The Generalization Performance of the Random Fourier Features Method

Anna Gilbert
University of Michigan
Friday, March 10, 2017 -
3:35pm to 4:35pm
Vincent 311

We investigate the risk bounds of support vector machines (SVM) that use the random Fourier features method as an approximate model in classification tasks under three different problem setups: (i) in the soft-margin formulation, using the same regularization parameter in the approximate and the accurate models, (ii) using the same upper bound on the 2-norm of the normal vectors, and (iii) choosing freely the 2-norm of the normal vectors in the approximate model. We also provide a series of simulation results using synthetic data to exhibit a large gap in the performance between the accurate and the
approximate models that can occur when we fail to control the regularization parameter appropriately.

Our work shows the importance of the effect of the regularization parameters when comparing the generalization performance of random Fourier features method with the accurate model and provides guidance for numerical experimentation, as well as a rigorous interpretation of the intuition that the expected risk of the kernel SVM with random
Fourier features method may be no more than $O(1/\sqrt(N))$ compared with the hypothesis learned by the accurate model.

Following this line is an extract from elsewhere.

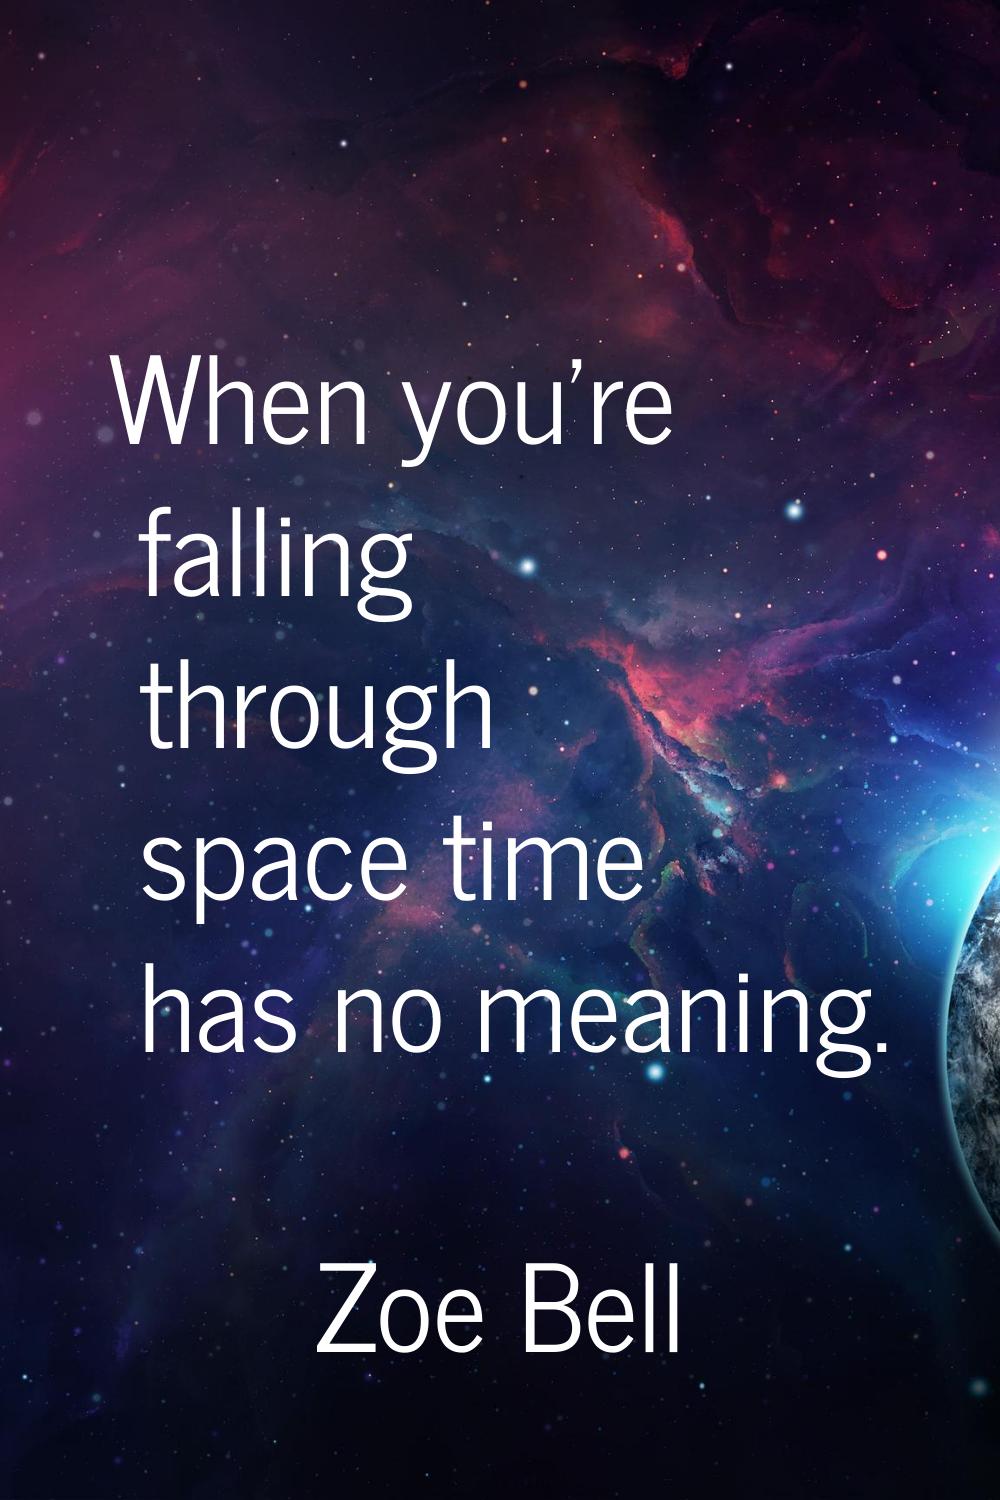 When you're falling through space time has no meaning.

Joint work with Yitong Sun

Anna Gilbert received an S.B. degree from the University of Chicago and a Ph.D. from Princeton University, both in mathematics. In 1997, she was a postdoctoral fellow at Yale University and AT&T Labs-Research. From 1998 to
2004, she was a member of technical staff at AT&T Labs-Research in Florham Park, NJ. Since then she has been with the Department of Mathematics at the University of Michigan, where she is now the Herman H. Goldstine Collegiate
Professor. She has received several awards, including a Sloan Research Fellowship (2006), an NSF CAREER award (2006), the National Academy of Sciences Award for Initiatives in Research (2008), the Association of Computing Machinery (ACM) Douglas Engelbart Best Paper award (2008), the EURASIP Signal Processing Best Paper award (2010), a National
Academy of Sciences Kavli Fellow (2012), and the SIAM Ralph E. Kleinman Prize (2013).

Her research interests include analysis, probability, networking, and algorithms. She is especially interested in randomized algorithms with applications to harmonic analysis, signal and image processing, networking, and massive datasets.